Rachael and Ross (no, not THOSE ones!) bonded over their mutual love of tattoos and alternative music while at work. Eighteen months of casual dating later, Ross proposed to Rachael in front of 4,500 people at the halftime of an ice hockey game! With a proposal like that, they knew they couldn’t do things by halves, so spent the following two years planning and saving to have the wedding of their dreams.
For them, this meant having a colourful alternative to a traditional style day. They knew they wanted a day as vibrant and colourful as them. “Bright colours make everyone happy” explained Rachael, “so why not give your guests additional happiness on an already happy day?!”
Their bridesmaids all wore mismatched, vibrant tulle skirts, and their groomsmen coordinated with matching braces, laces and bow ties. Ross’ mum learnt to crochet especially to be able to make Rachael’s multicoloured bouquet and the buttonholes. They had colourful balloons and paper lanterns as decor, and Ross wore a purple suit.
They also made simple changes to traditions to do things their way. They had orchestral versions of rock songs for arrival music, empty spirit bottles (complete with labels!) as centrepieces and filled with fairylights, and tattooed mannequin torsos as a guestbook. Instead of throwing confetti, they had their guests blow bubbles as they walked outside after the ceremony.

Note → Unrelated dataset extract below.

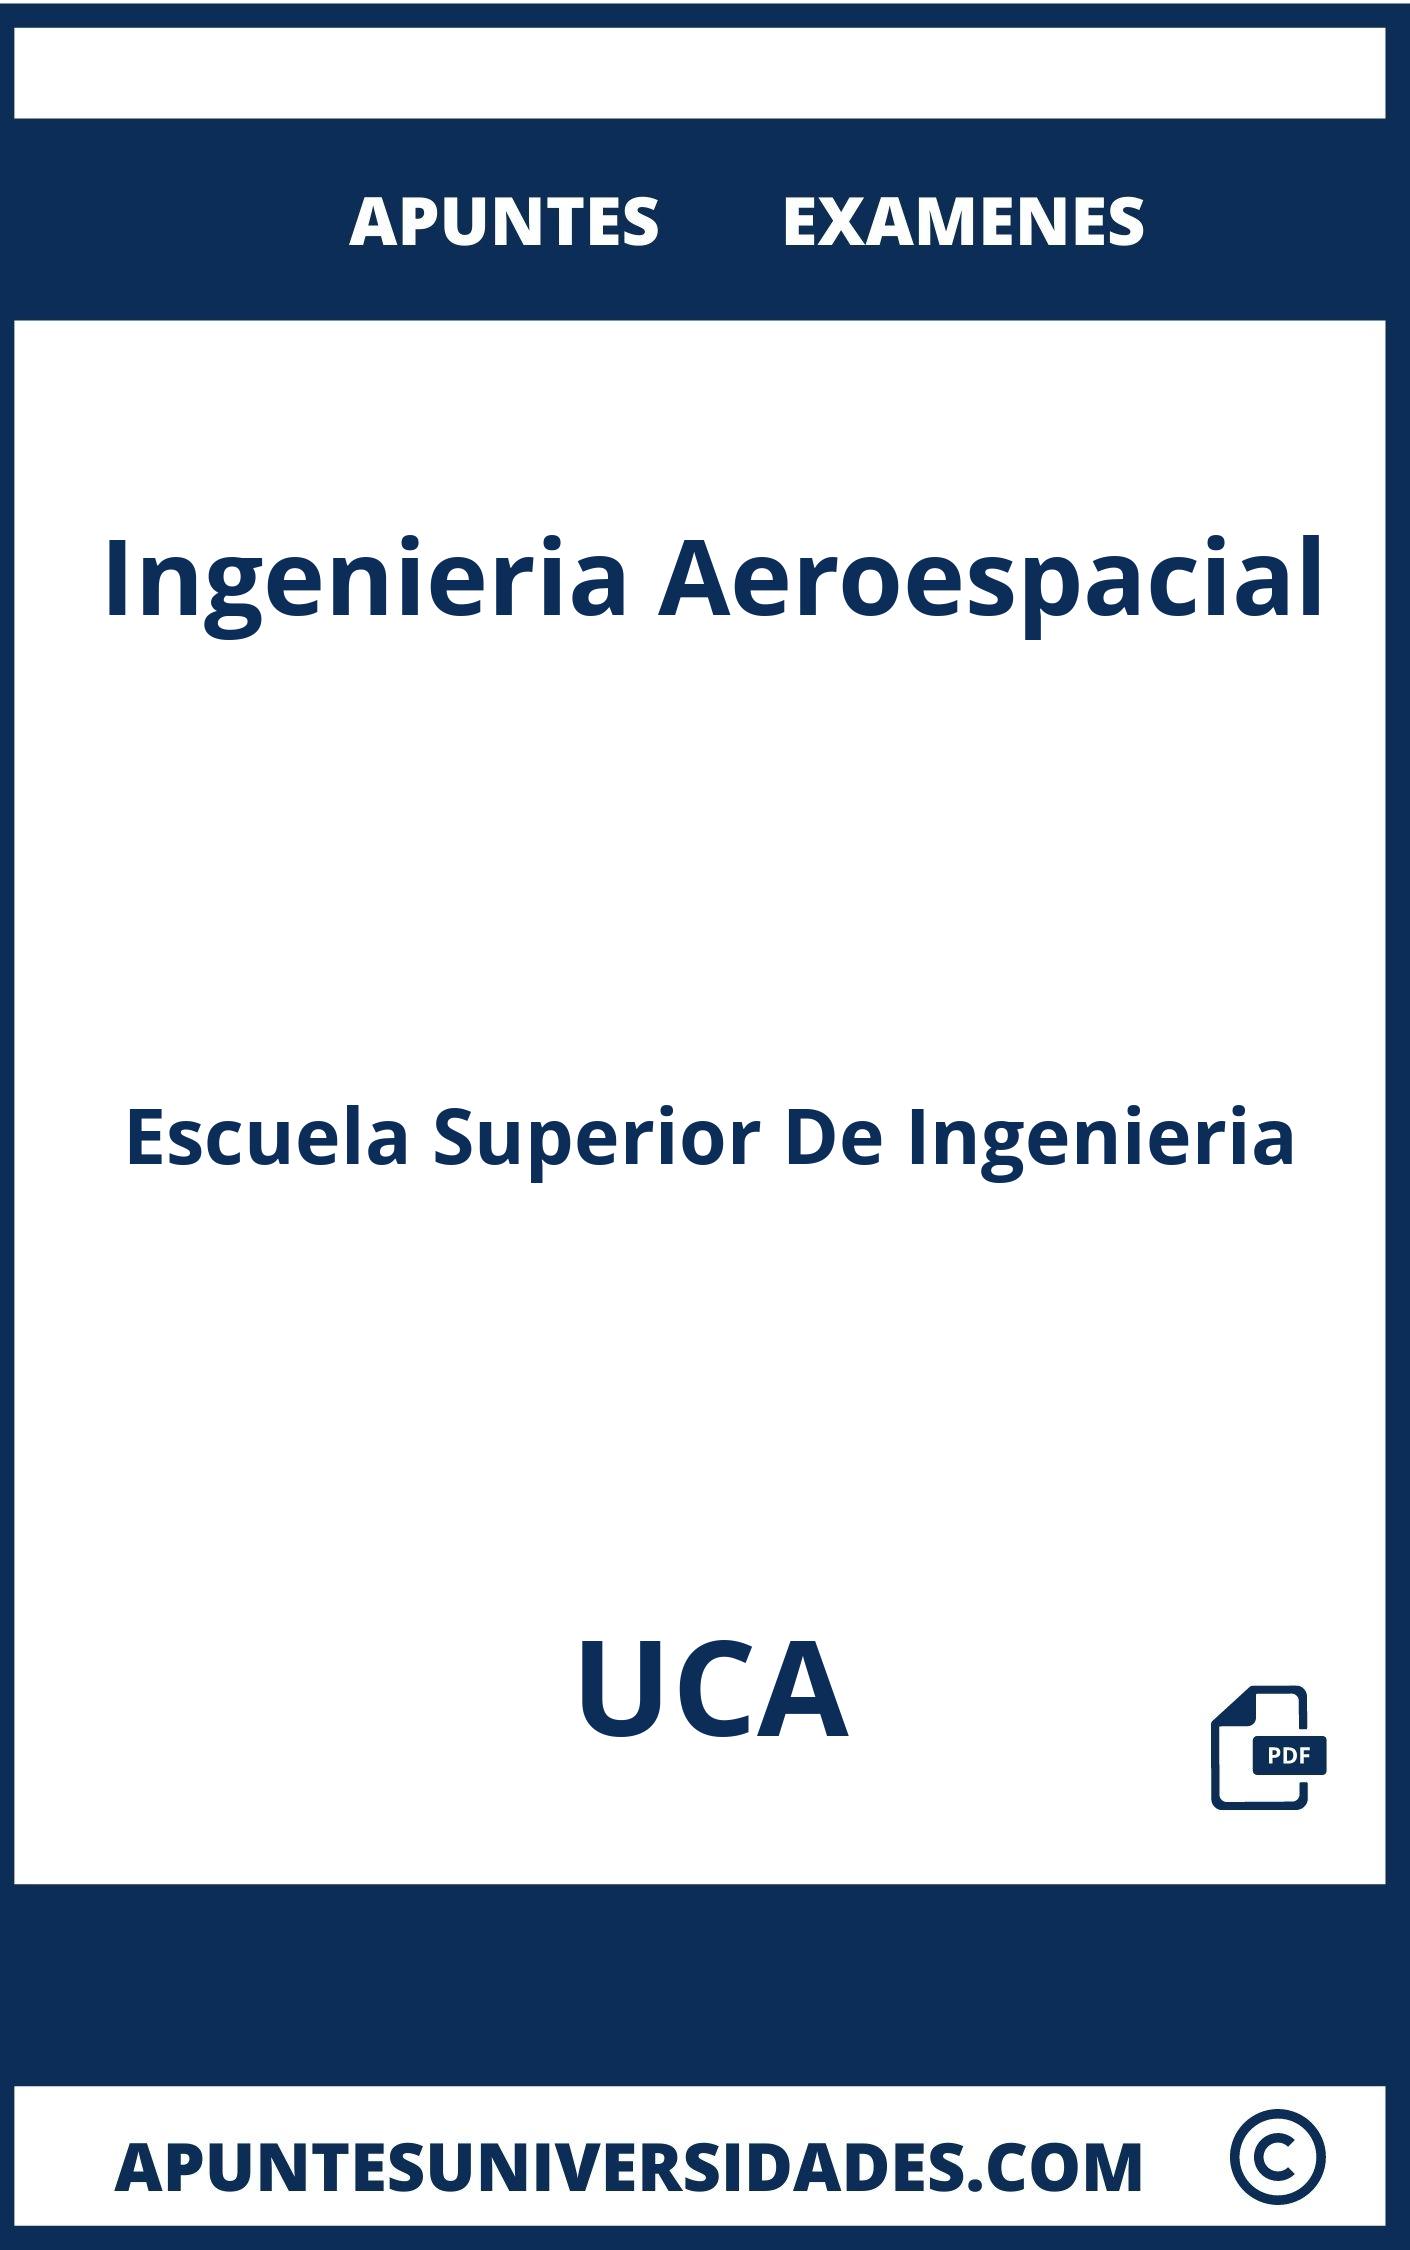 Apuntes Examenes Ingenieria Aeroespacial UCA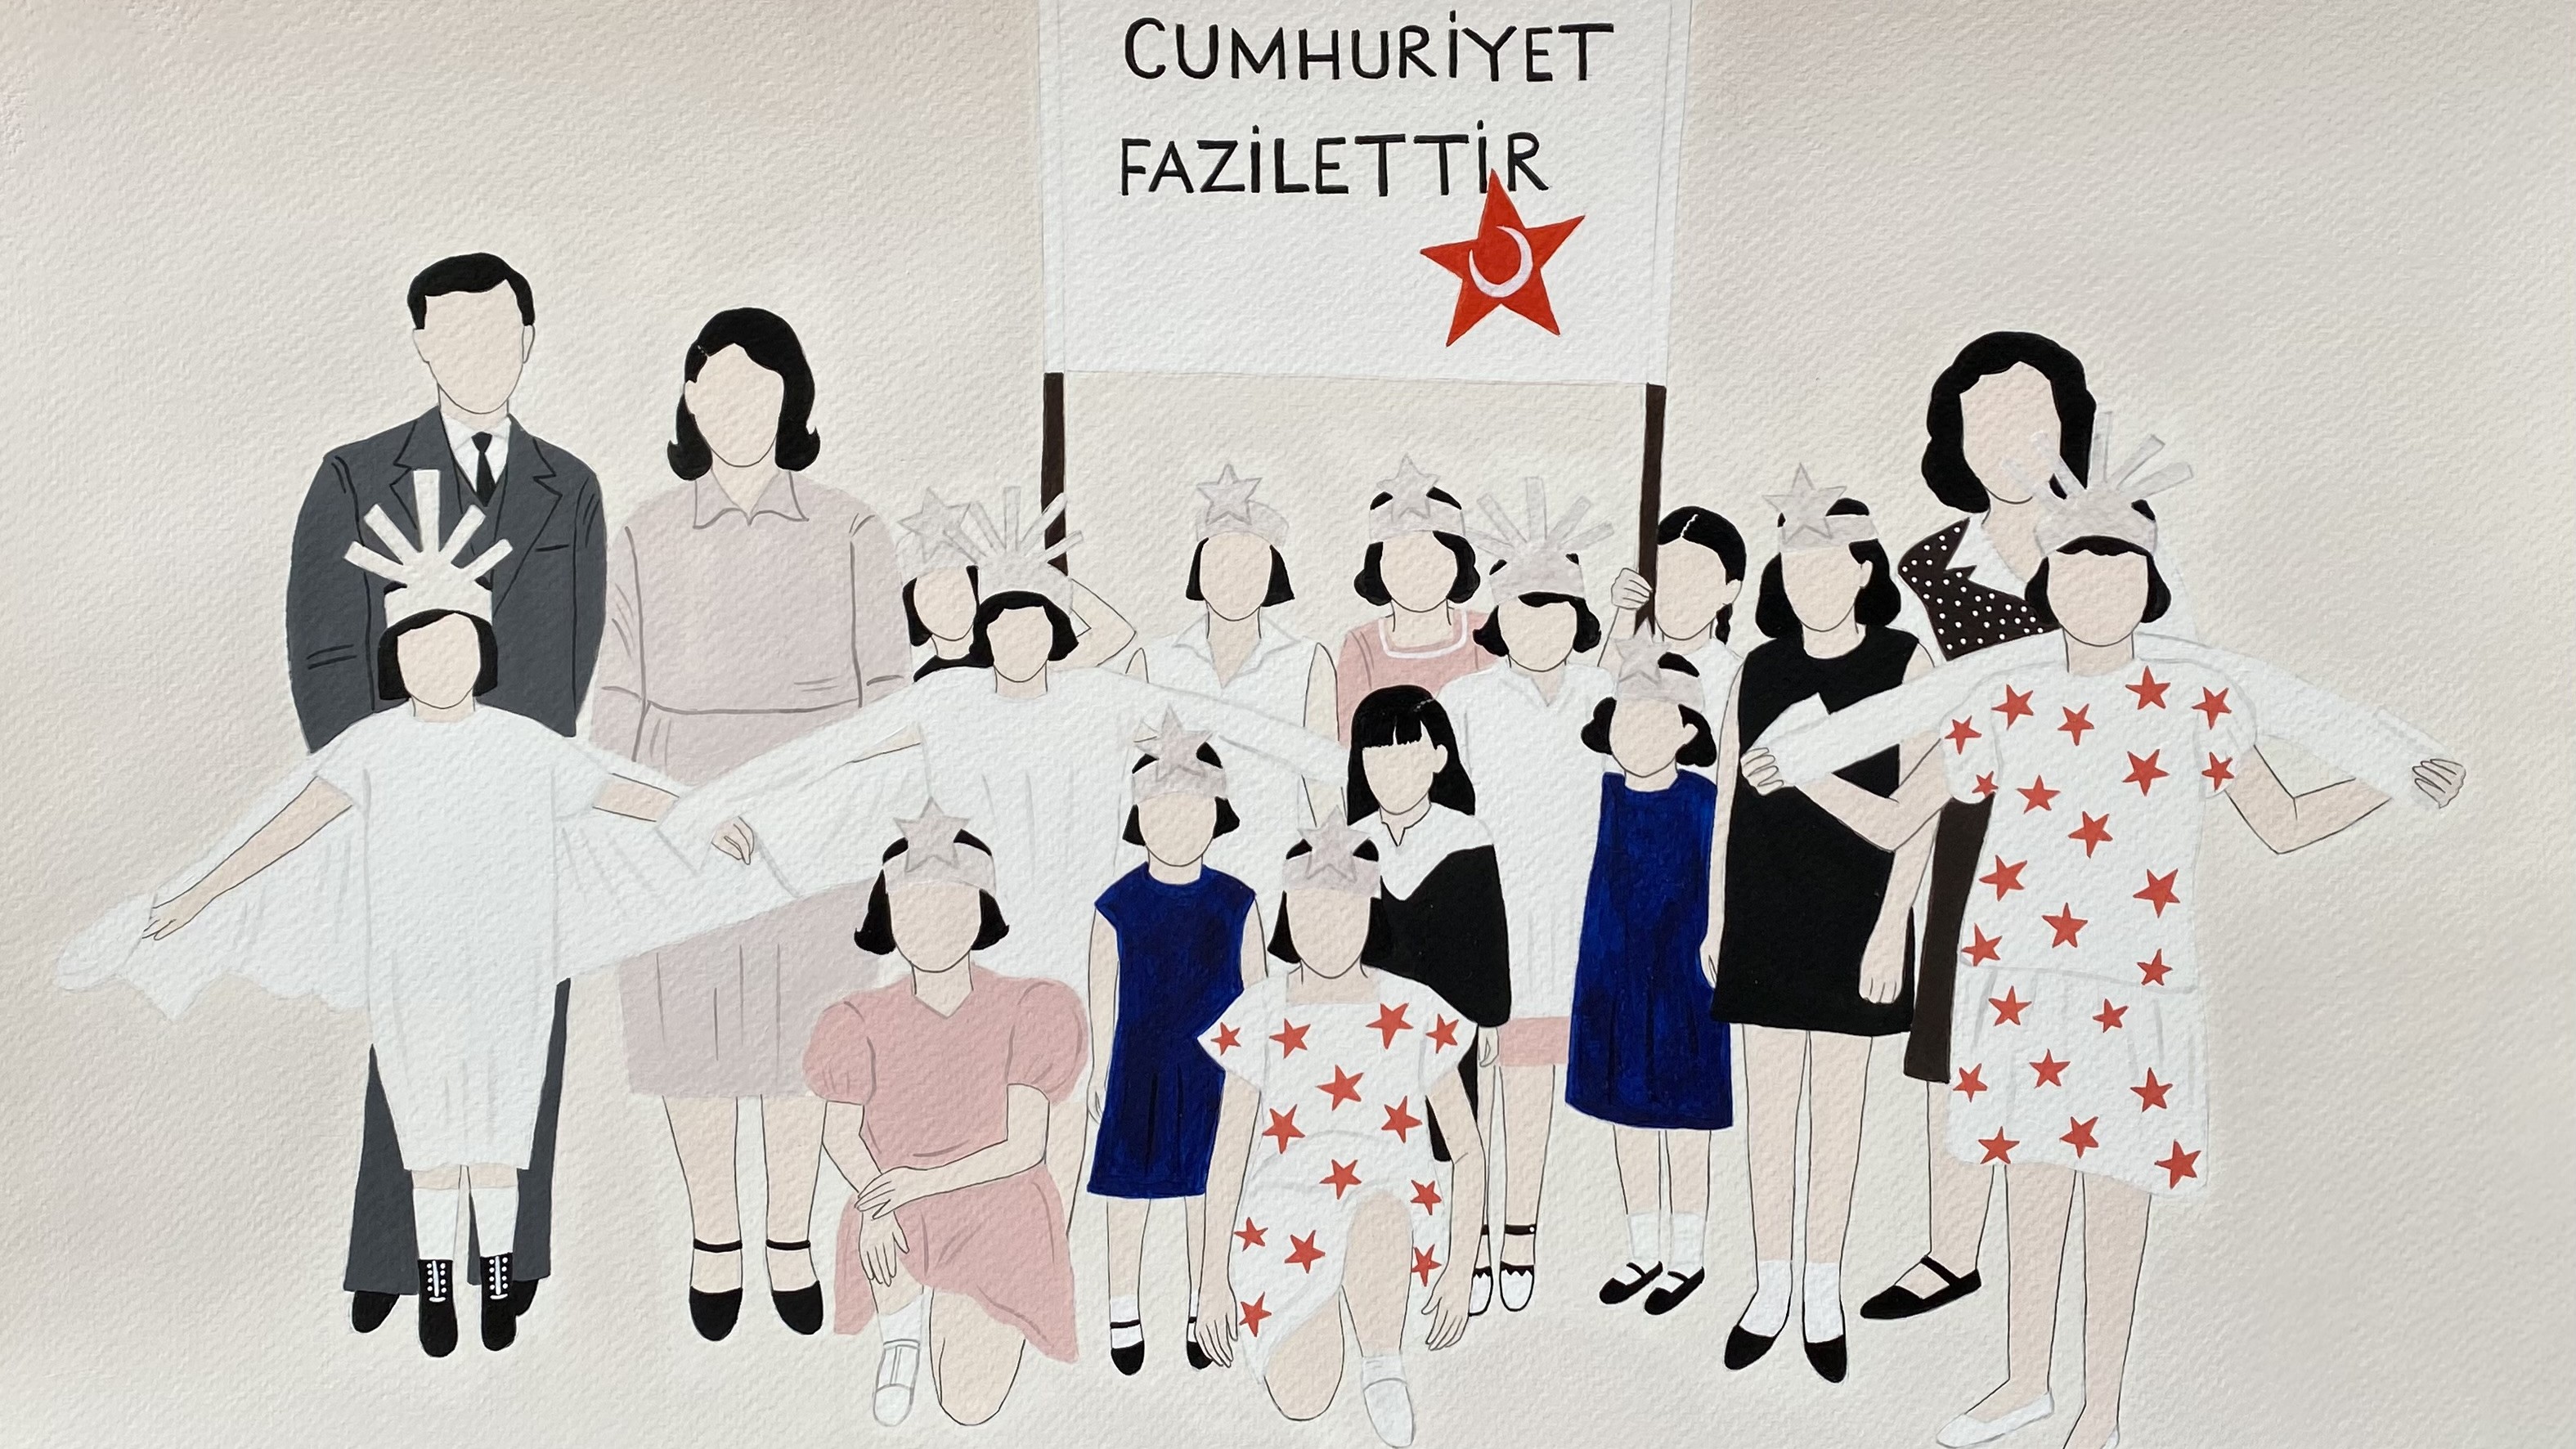 An artwork from Gamze Tasdan's "Cumhuriyet Kizlari" – 'Republic Girls', showing a group of faceless individuals, mostly women and girls

Their biggest expense was their venue, which they had exclusive hire of. They loved how unique it was so didn’t really need a lot of decor. They saved money by DIYing the majority of their props and using cheap craft materials creatively for the decor that they did do.
“We often joke that we should’ve just gone to Vegas,” laughed Rachael, “as we had the usual initial disagreements on what we would do for themes, and the pressure of making sacrifices on certain luxuries in order to save enough for the day. But when we look back on how awesome the day was I honestly don’t think we would change a single thing.”